Andreas

MY STORY

Ich bin 1985 in Aktjubinks / Kasachstan (ehemalige Sowietunion) geboren und lebte dort mit meiner älteren Schwester und meinen Eltern in einer kleinen Hütte am Stadtrand. Während uns unser Leben vollkommen normal erschien, lebten wir, im Vergleich zu den deutschen Lebensstandards in ärmlichen Verhältnissen.

1994 entschlossen sich meine Eltern mit uns Kindern nach Deutschland auszuwandern, um uns dort ein besseres Leben ermöglichen zu können. Unsere Familie wurde vorerst im Ruhrgebiet in einer Notwohnung untergebracht. Bis 1996 lebten wir dort zu viert in einem 16 m2 großen Raum und teilten uns mit den etlichen anderen Familien einen gemeinsamen Küchen- und Sanitärbereich.

1996 bekamen wir die Freigabe für eine Mietwohnung und haben beim nächstmöglichen Angebot die Notwohnung verlassen. Da ich in der Grundschule das Glück hatte, der einzige Russland-Deutscher in meiner Klasse zu sein, ermöglichte mir das eine schnelle, erfolgreiche Integration.

Als ich mit 17 mit der Hauptschule fertig war, begann ich eine Ausbildung als Industriemechatroniker. Um mich beruflich weiterzuentwickeln, begann ich 2010, parallel zur Arbeit, ein Fernstudium als Elektrotechniker im Bereich Prozess- und Automatisierungstechnik. Mein Ziel war es, die Karriereleiter weiter hochzusteigen, dadurch mehr Geld zu verdienen, um mir irgendwann den Traum von einem eigenen Haus und einen dicken Auto erfüllen zu können.

 

 

Vom Glück und den Sorgen Vater zu sein

2011 wurde ich dann zum ersten Mal Vater und war erfüllt voller Freude und Glück. Ab da Begann mein Leben eine ganz neue Wendung zu nehmen. Ich habe mir auch immer wieder Gedanken über die Zukunft gemacht und was ich beruflich noch tun kann, damit mein Einkommen noch etwas steigt. Schließlich wollte ich, meiner Familie ein gutes Leben ermöglichen.

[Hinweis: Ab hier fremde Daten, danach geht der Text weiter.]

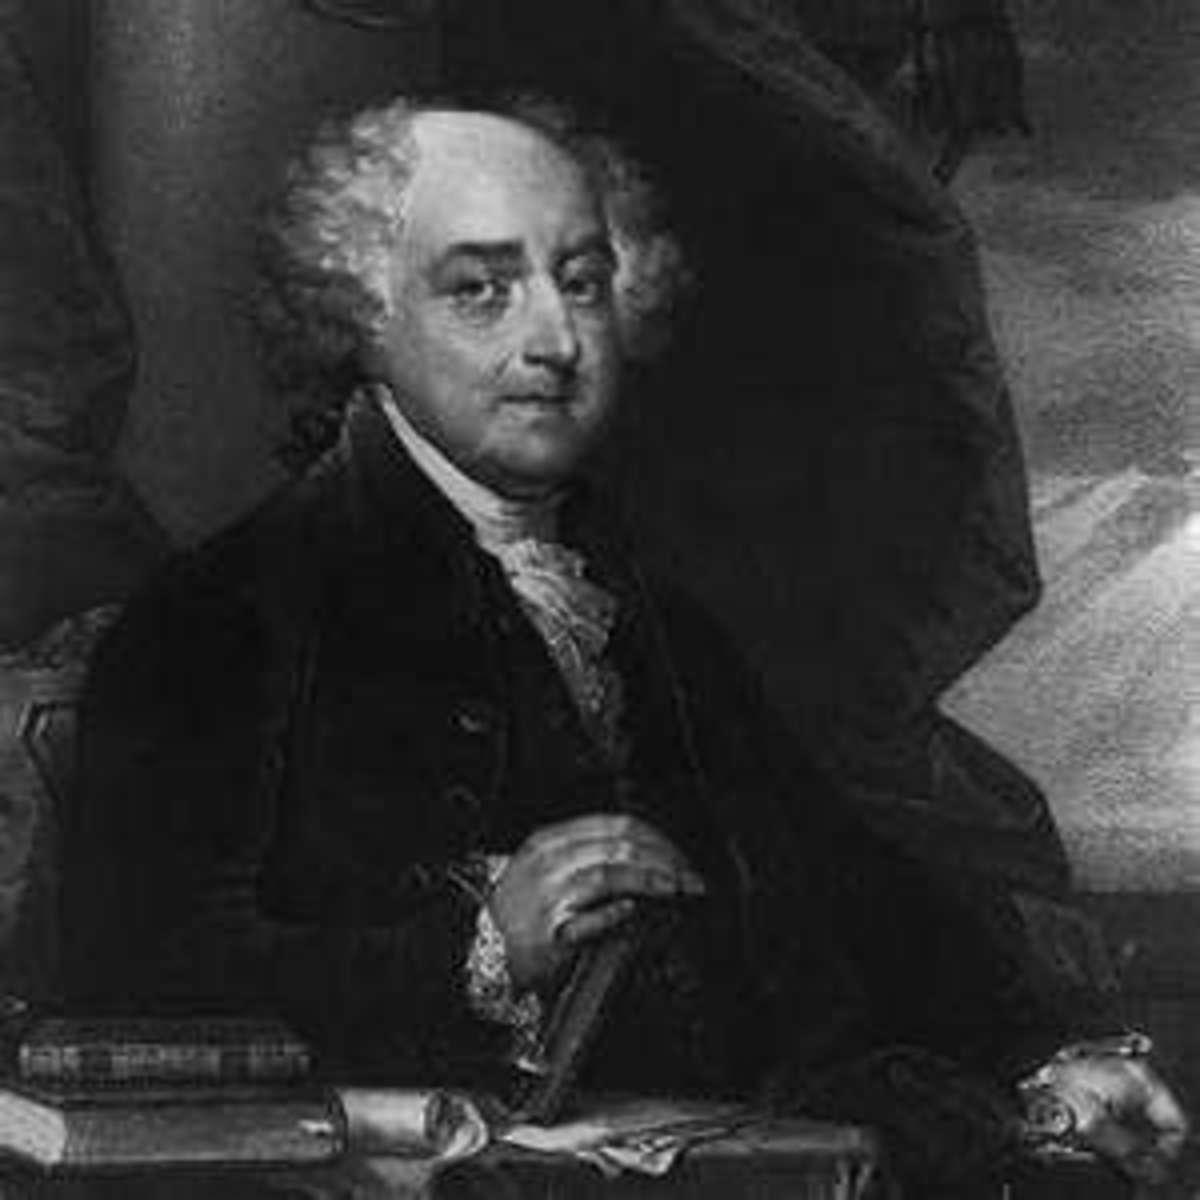 PRESIDENT JOHN ADAMS (b. 1735,   d. 1826), POTUS #2, 1797 - 1803

Der Gedanke, unseren Sohn frühzeitig in eine Fremdbetreuungsinstitution zu geben, damit auch Belle wieder arbeiten gehen konnte, um zusätzliches Einkommen generieren zu könnten, viel mir sehr schwer. So entschieden wir uns dafür unseren Sohn und auch unsere weiteren Kinder nicht aus der vertrauten Umgebung der Familie zu reizen und sie selbst zu betreuen.

Ich hatte, im Verhältnis zu vielen anderen Familienvätern das Glück, gute Arbeitsbedingungen zu haben und kam zwischen 2 – 3 Uhr nach Hause. Nichts desto trotz war ich von der Arbeit oft zu ermüdet und gestresst, dass ich mein Vatersein nur noch halbherzig leben konnte. Ich habe mich so auf meine Kinder gefreut und wollte ihnen ein guter, liebevoller Vater sein, der gerne Zeit mit ihnen verbringt und ihnen die Welt zeigt und merkte, dass ich oft garkeine Kraft mehr hatte mich intensiv mit ihnen zu beschäftigen. Ich war, im Gegensatz zu Belle, auch nicht offen für ihre kreativen Spiele, die anschließend oft in langen Aufräumarbeiten endeten. Um es auf den Punkt zu bringen: Ich war einfach zu gestresst, zu angespannt und gleichermaßen zu erschöpft.

Durch Belle, die sich immer mehr mit der Thematik  „glückliche, bedürfnisorientierte und selbstbestimmte Kindheit“ auseinandersetzte, öffneten sich auch für mich neue Horizonte und die Vorstellung einer alternativen Lebensführung manifestierte sich zunehmend in meinen Gedanken. So kam es, dass Belle´s innere positive Überzeugung von einem glücklicheren Leben, mich so sehr mitriss, dass wir 2018 gemeinsam den Schritt wagten, unsere Wohnung auflösten und ins Wohnmobil zogen. Das war der Beginn unserer Reise ins Glück und in ein ortsunabhängiges Leben.

Nach 32 Jahren in „staatlicher Obhut“ war ich nun zum ersten Mal in meinem Leben FREI und wusste im ersten Moment absolut NICHTS mit mir anzufangen. Nach einer lange andauernden Phase der Haltlosigkeit und Überforderung als plötzlicher Fulltime-Familienvater und ohne die gewohnte Tagesstruktur, fühle ich mich heute frei und – im wahrsten Sinne des Wortes – entfesselt.

Ich sehe, wie sehr meine Kinder mich brauchen und ich bin glücklich, in allen Höhen und Tiefen für sie da sein zu können.